Exercise prompt:
Your copy of the entries below should hold exactly the lines from the one containing "Shorts – Black Clover" to the one containing "Fun Coordinate Graph Worksheets Image", inclusive, and no pictures.

Listed entries:
=======

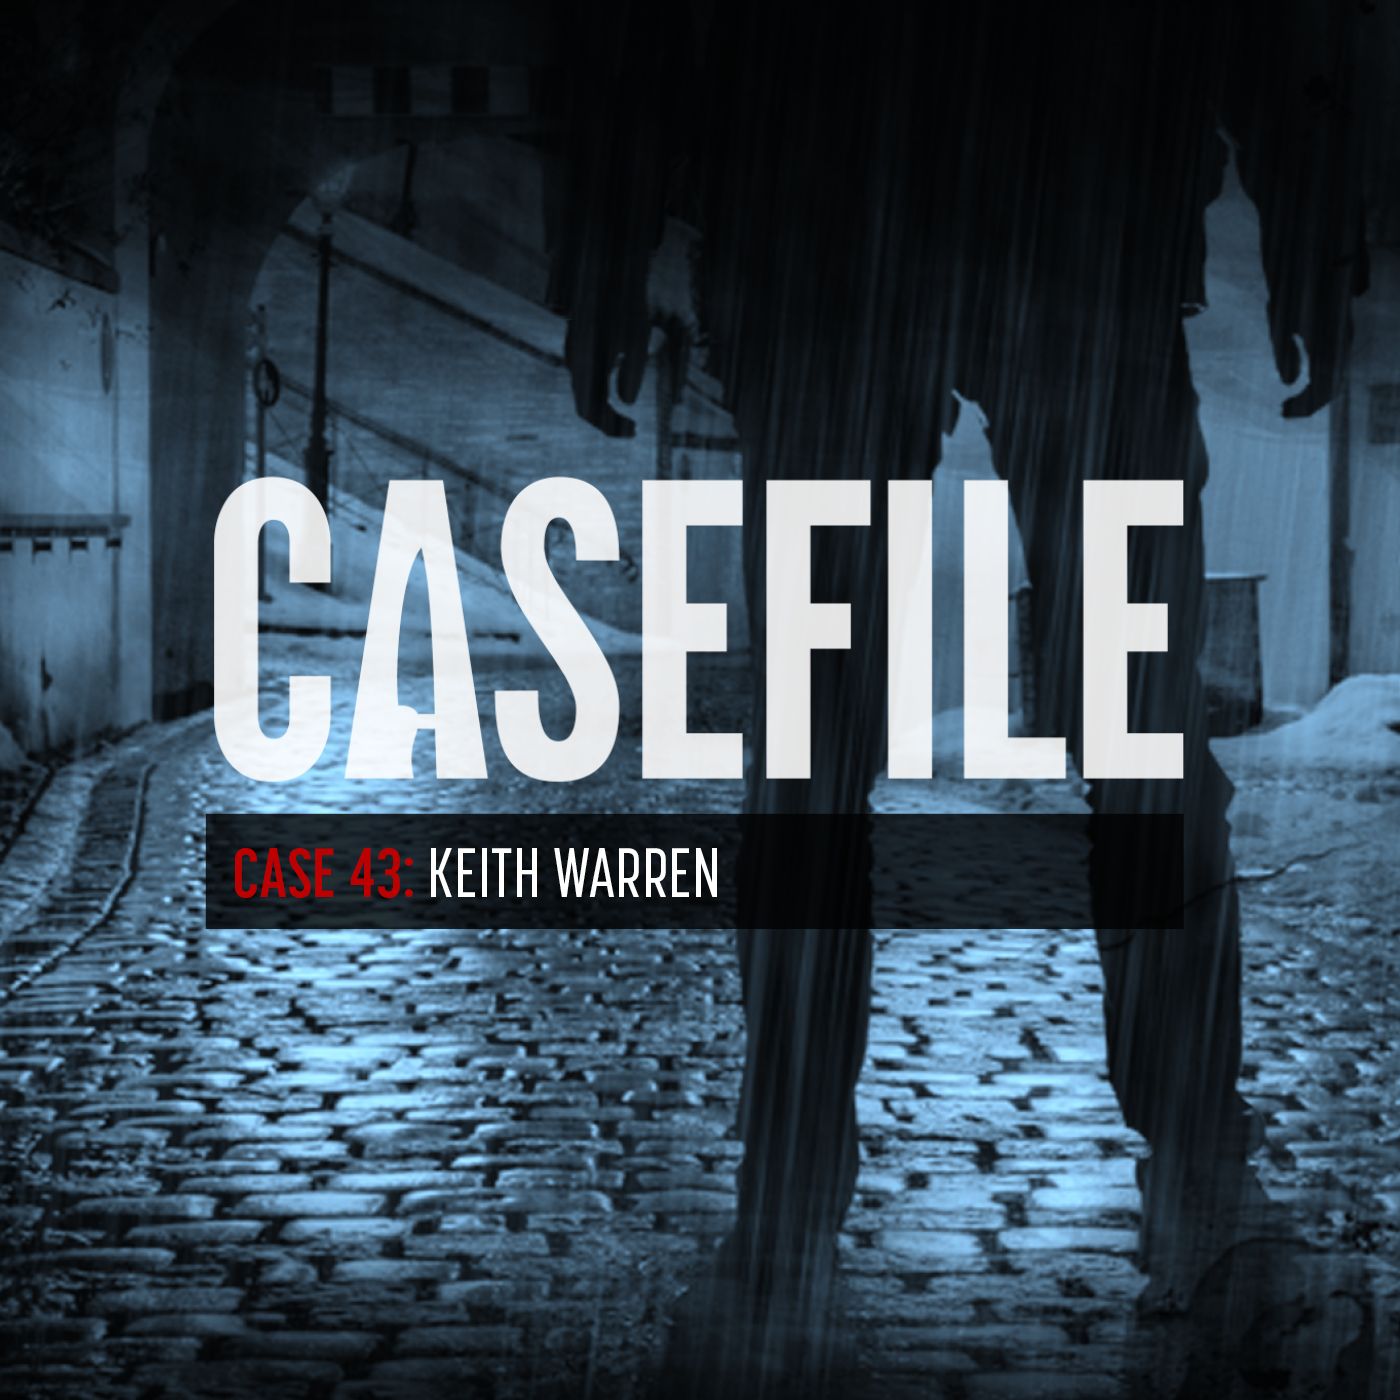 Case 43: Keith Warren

=======

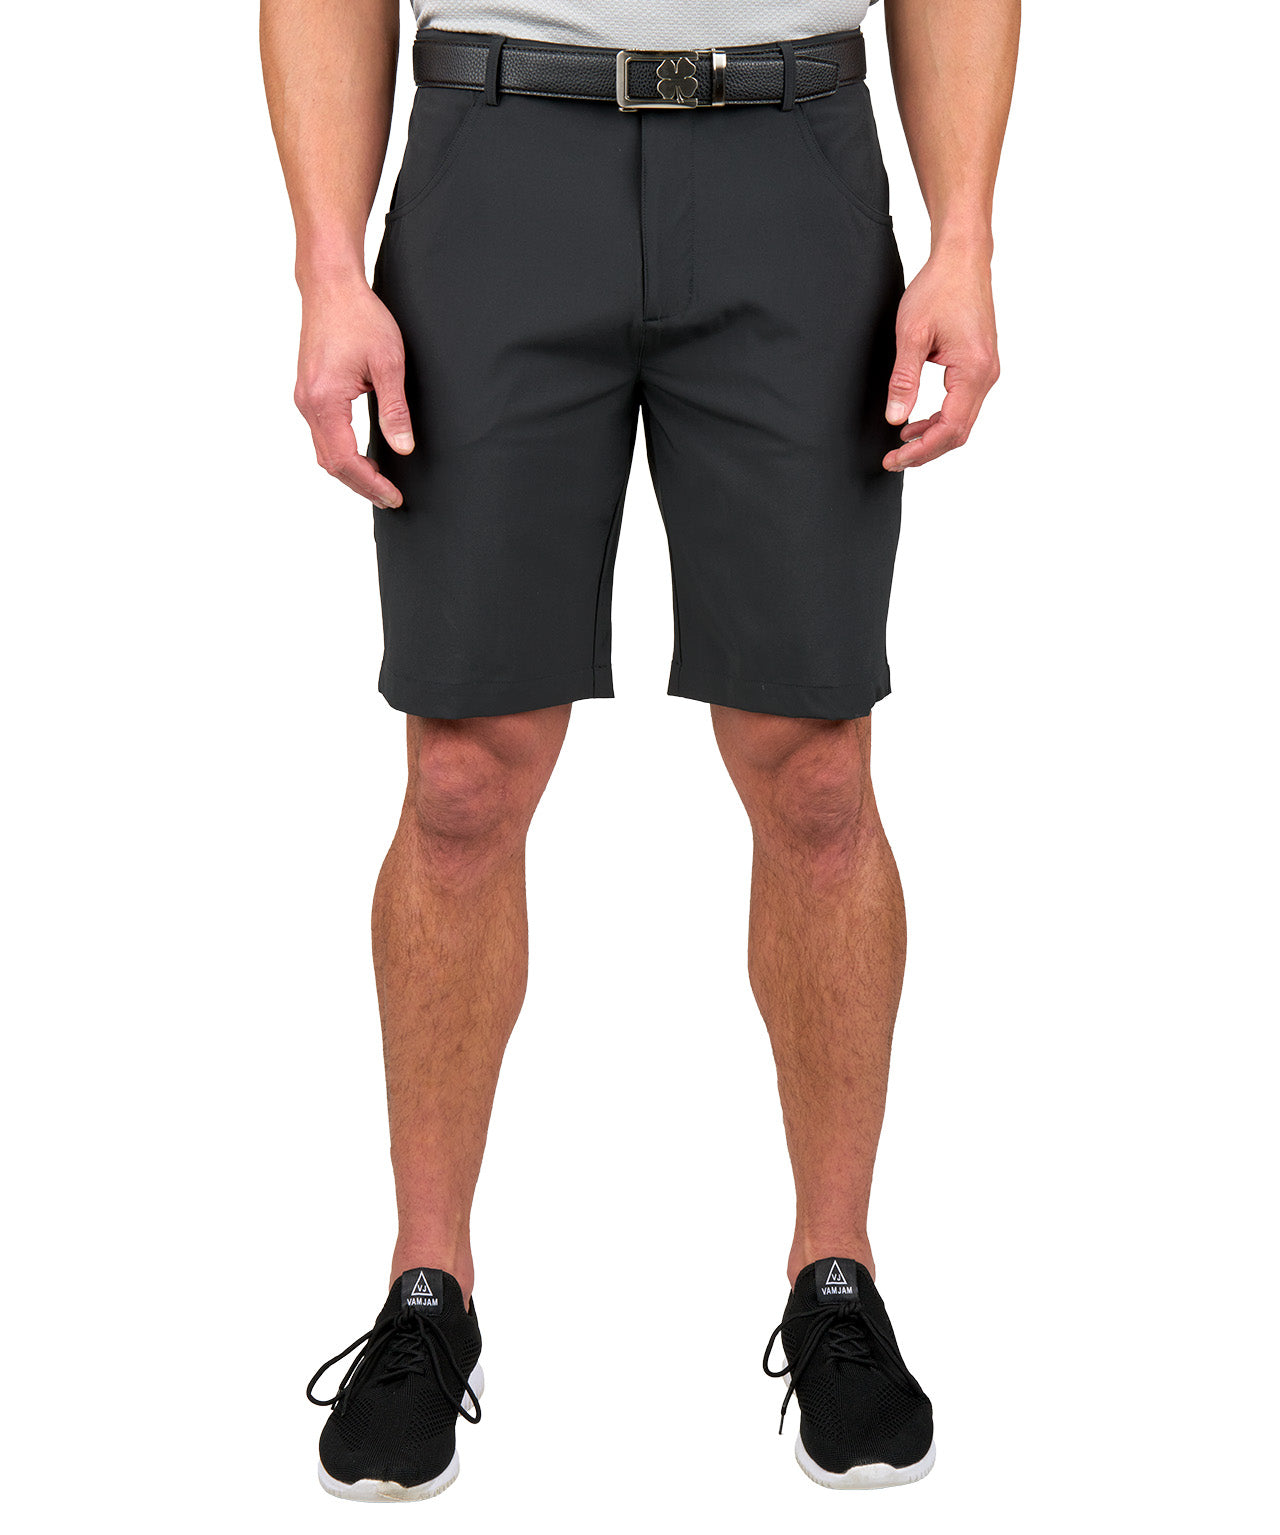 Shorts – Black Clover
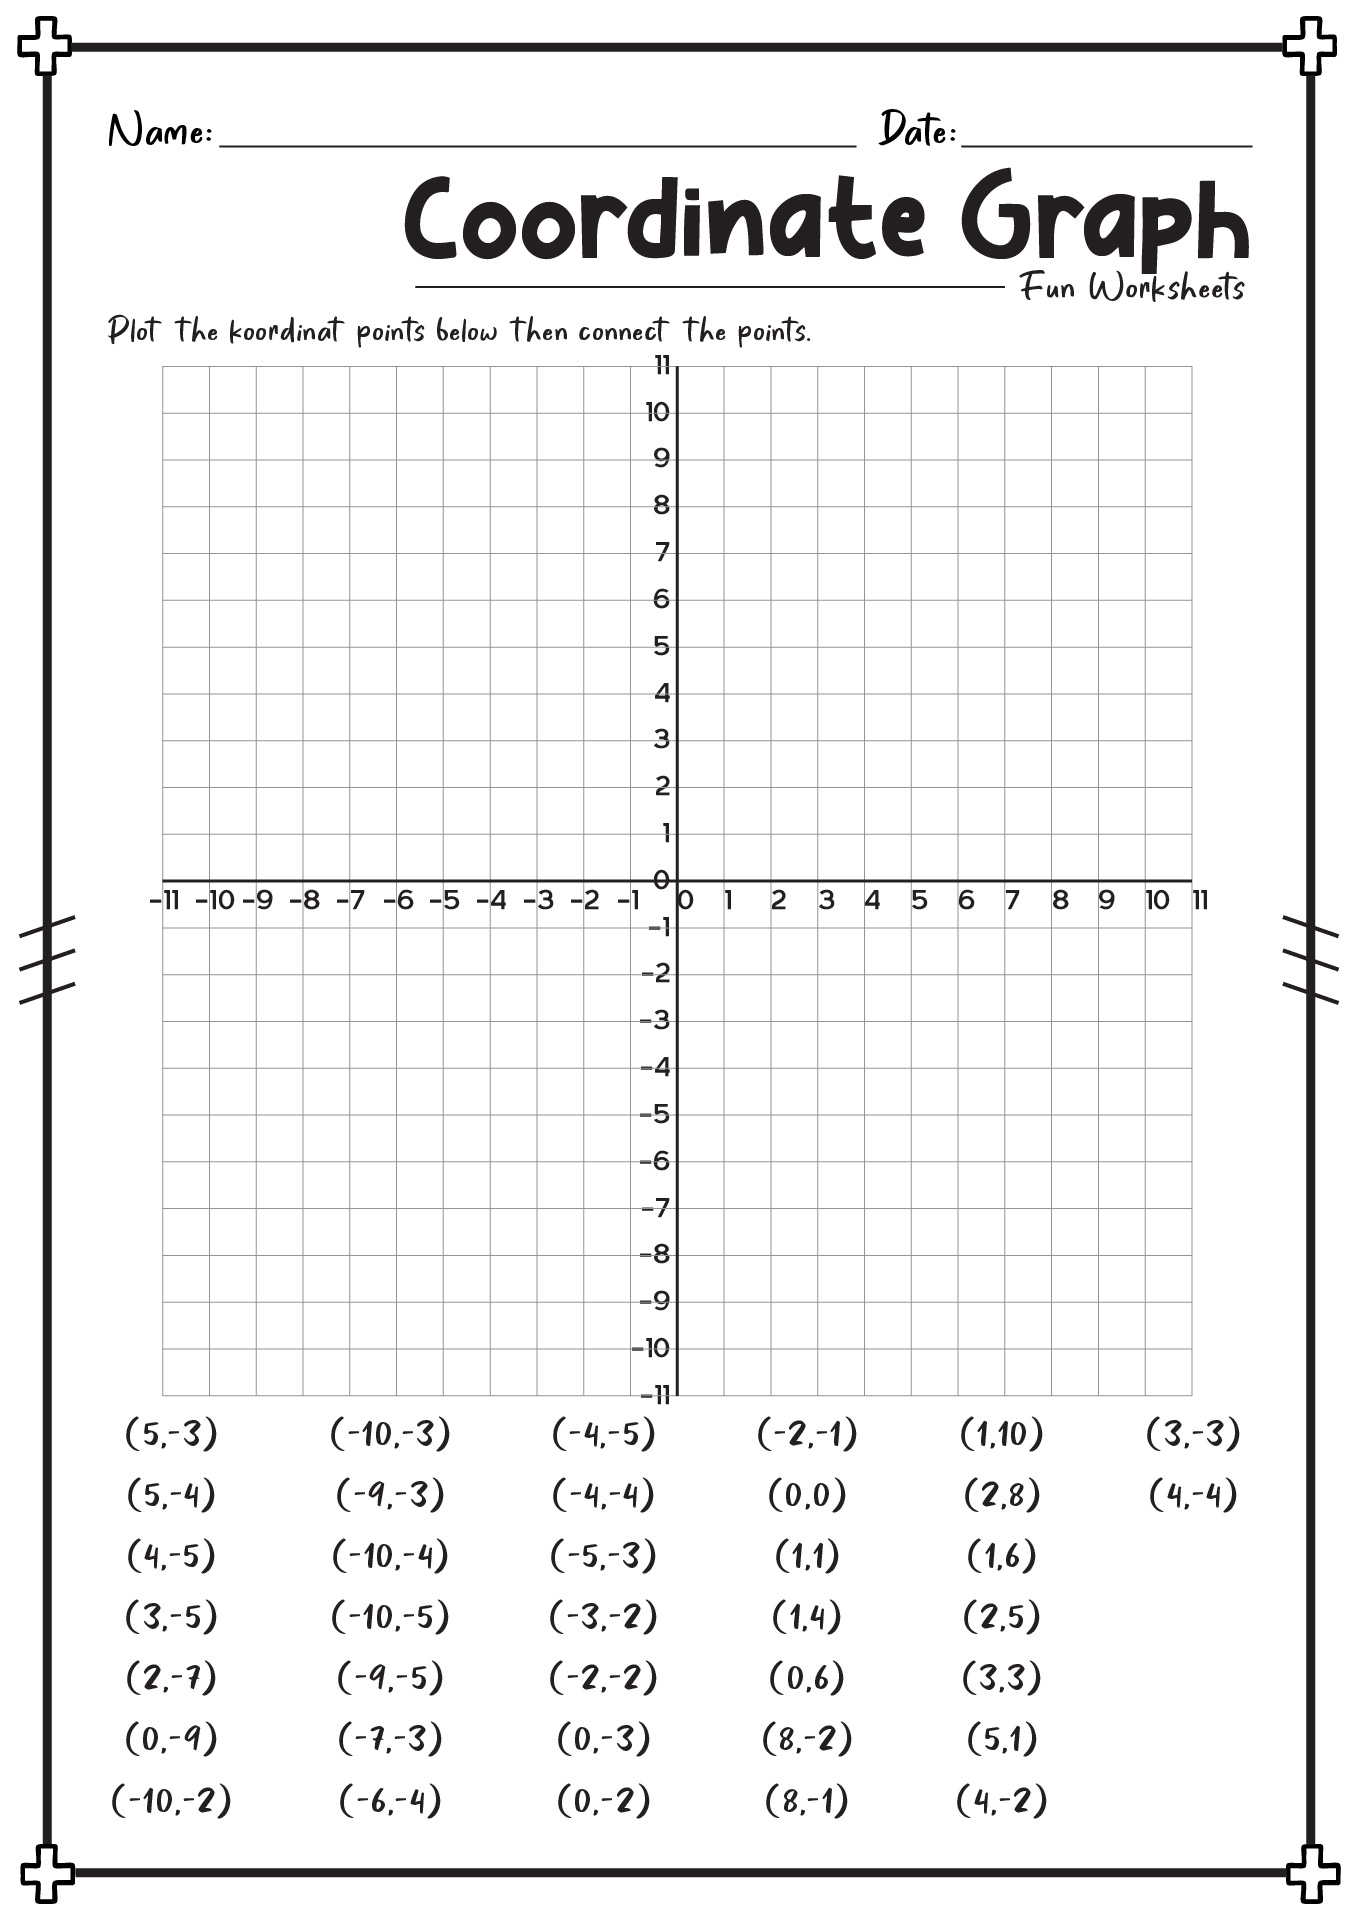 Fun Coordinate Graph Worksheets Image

=======

The completed task:
 Shorts – Black Clover
 Fun Coordinate Graph Worksheets Image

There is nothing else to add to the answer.